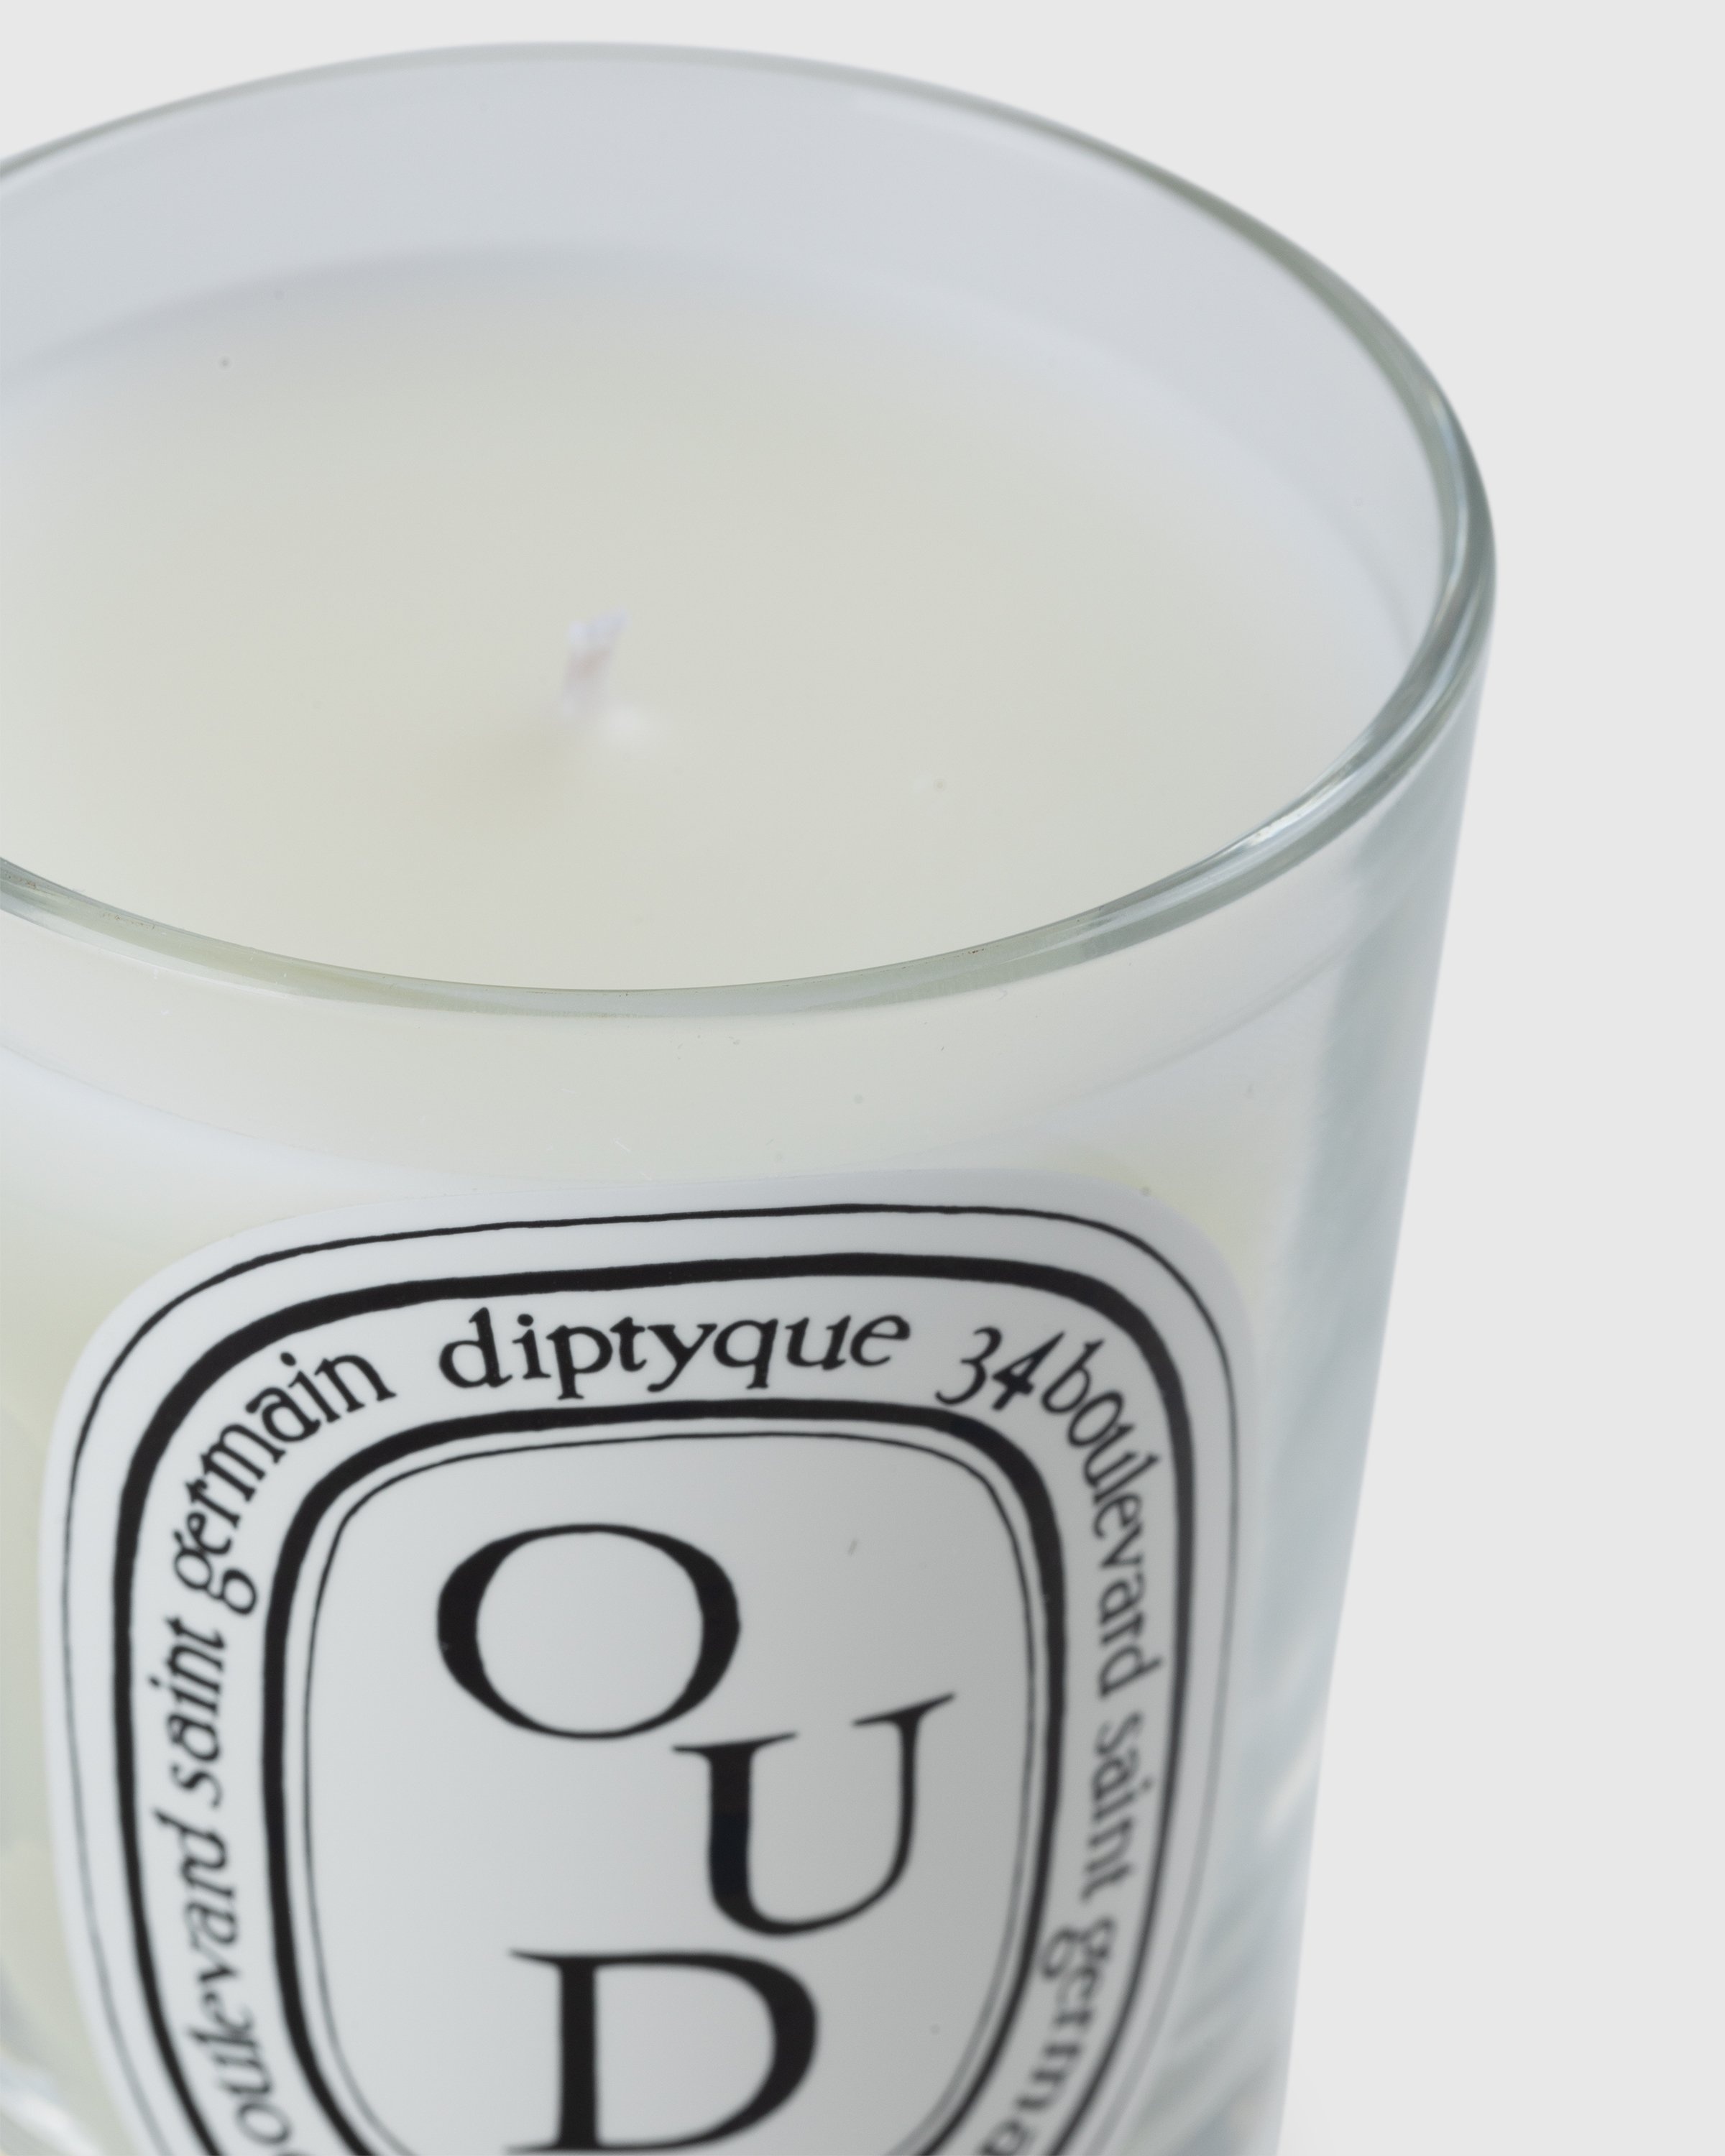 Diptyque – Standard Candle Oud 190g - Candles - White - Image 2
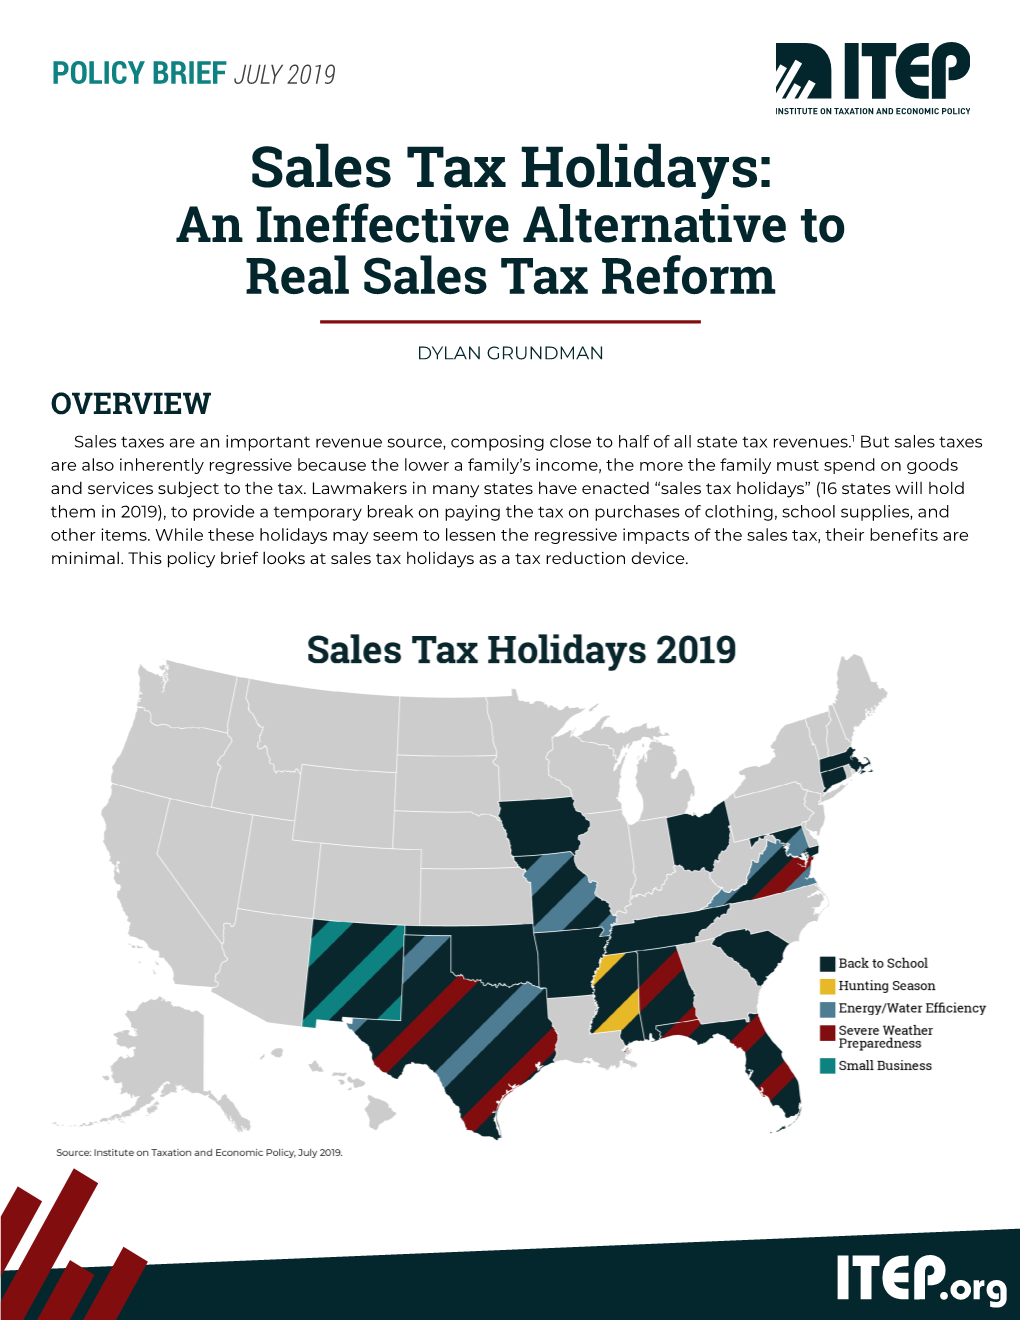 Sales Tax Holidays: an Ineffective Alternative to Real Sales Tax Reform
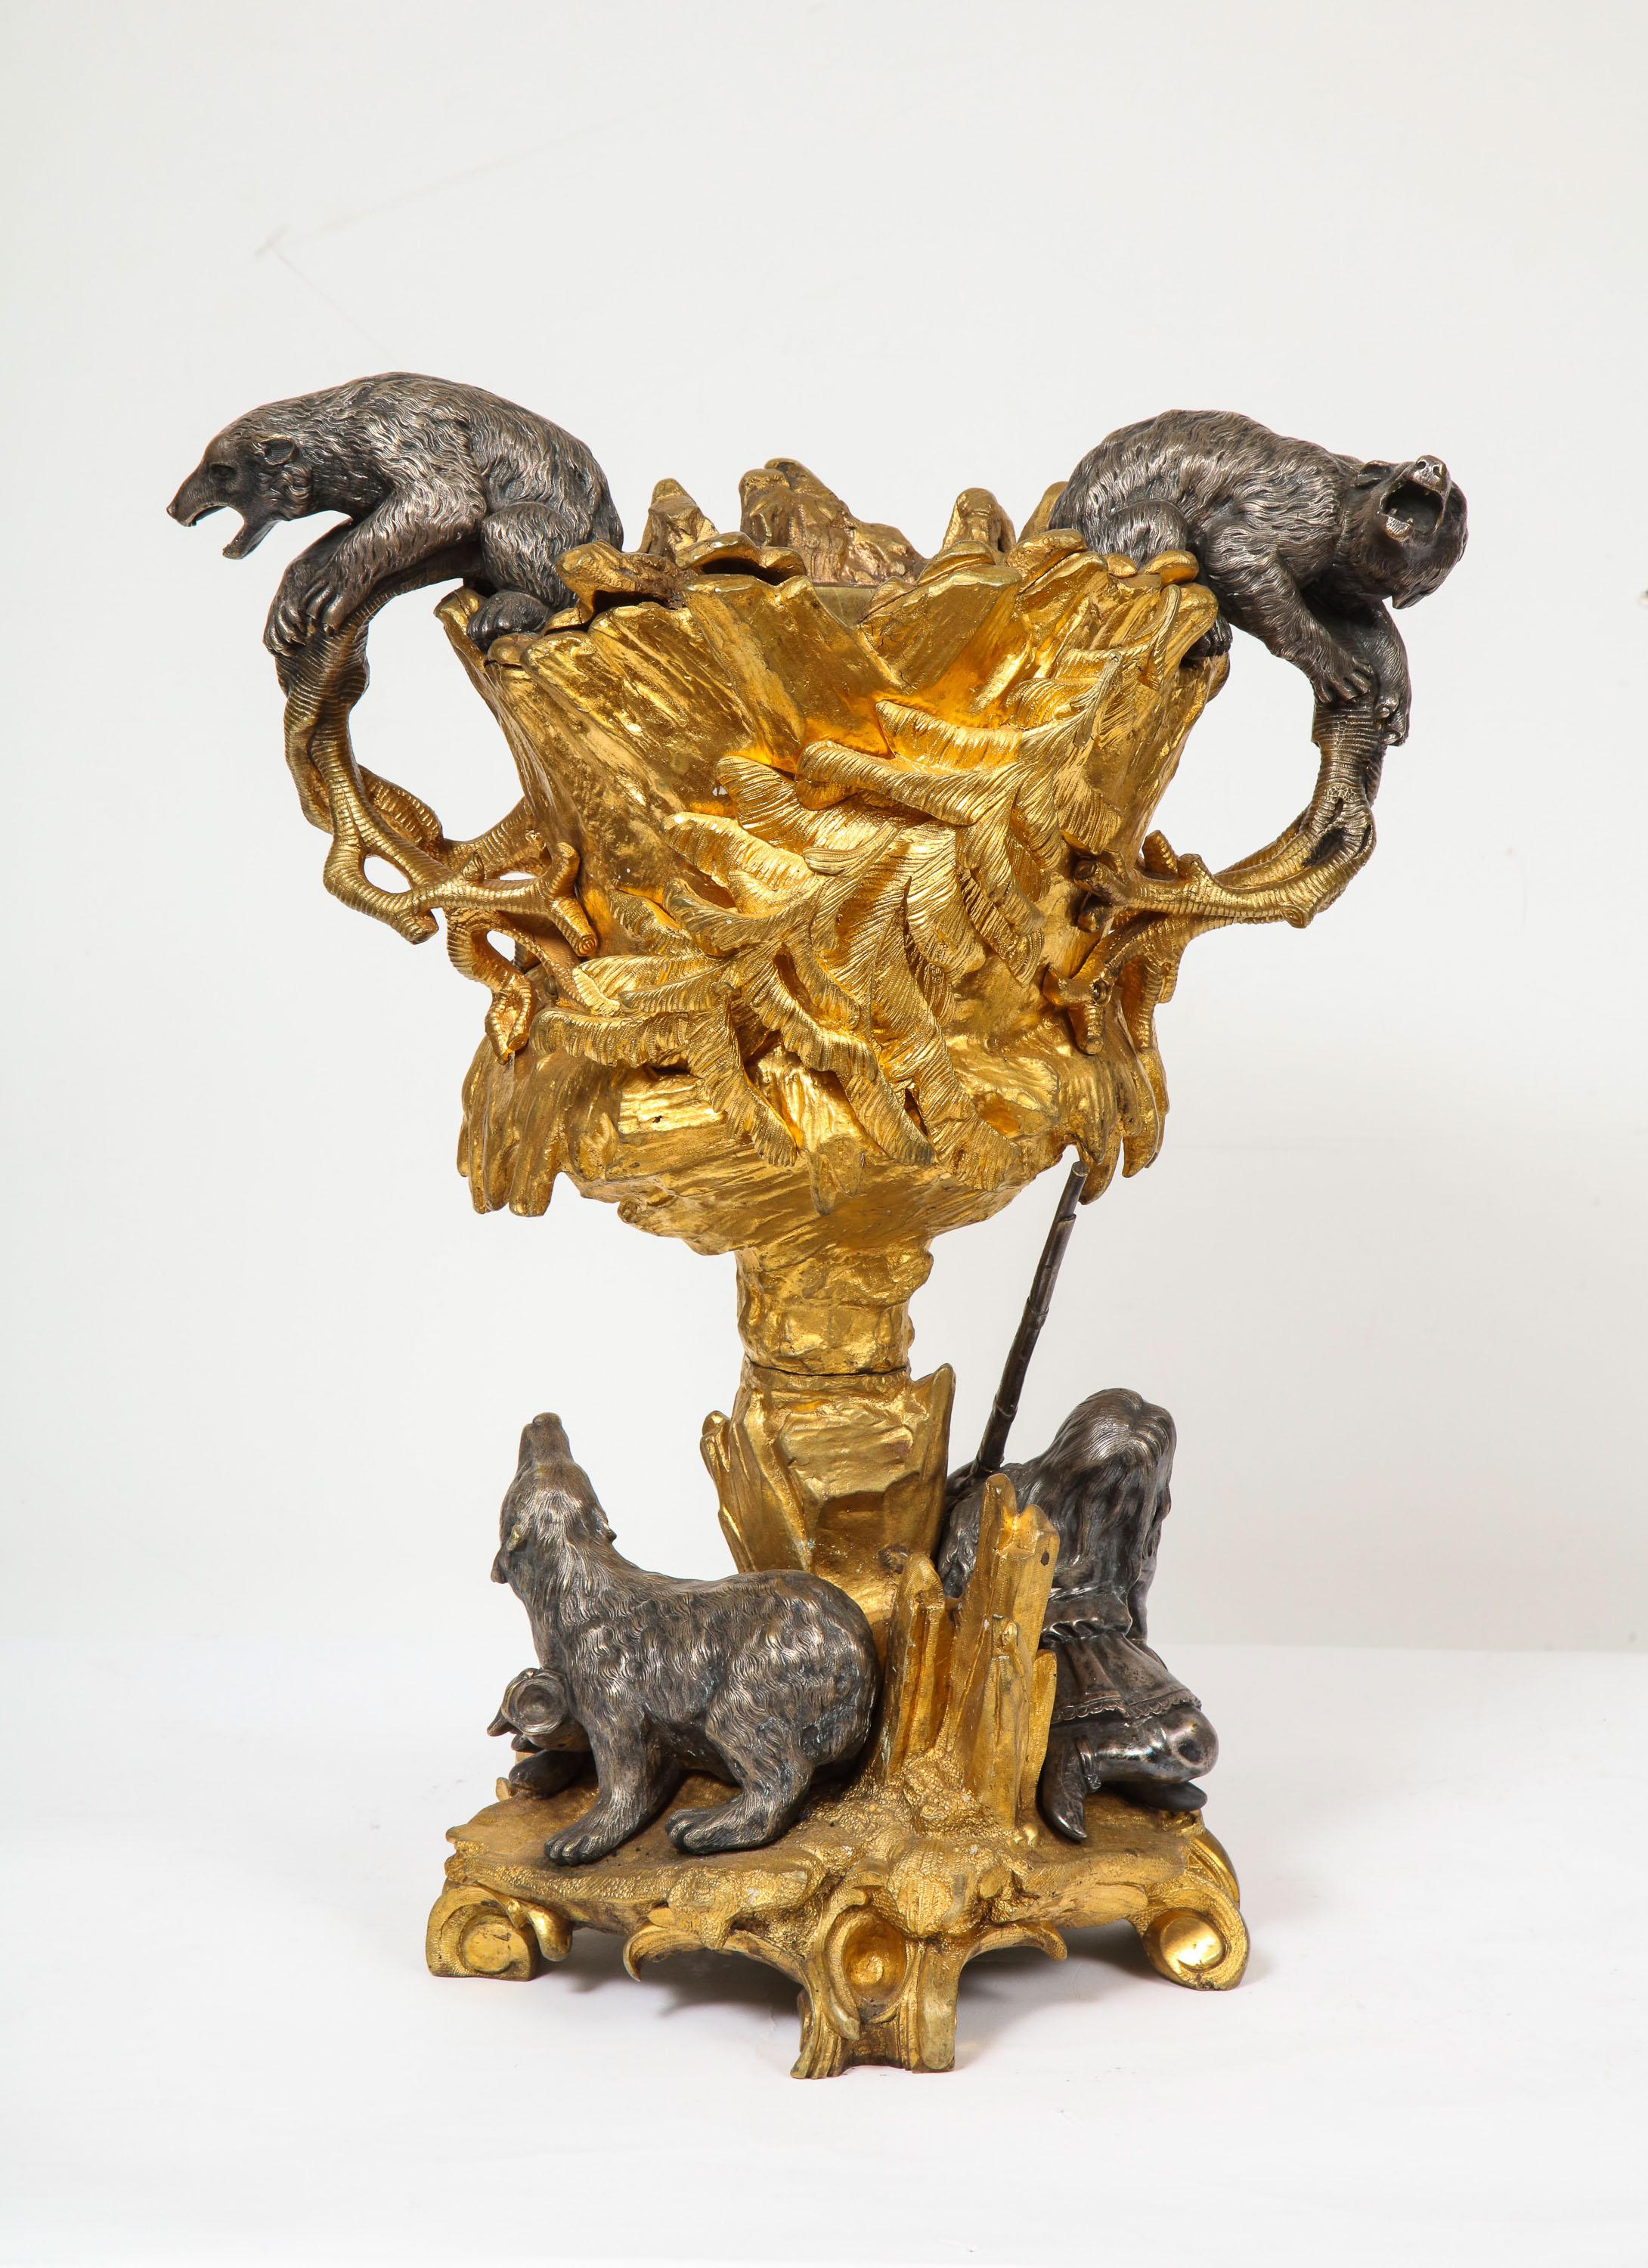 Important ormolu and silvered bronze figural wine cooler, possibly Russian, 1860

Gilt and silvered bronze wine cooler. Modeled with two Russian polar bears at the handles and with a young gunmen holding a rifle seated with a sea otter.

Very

+ + + + + + +

== Directions ==
Take the lines from the start of the material to the line with "Important ormolu and", both included, and transcribe them exactly without the pictures.

== The answer ==
 Diptyque – Standard Candle Oud 190g - Candles - White - Image 2
 Sales Tax Holidays: an Ineffective Alternative to Real Sales Tax Reform
 Important ormolu and silvered bronze figural wine cooler, possibly Russian, 1860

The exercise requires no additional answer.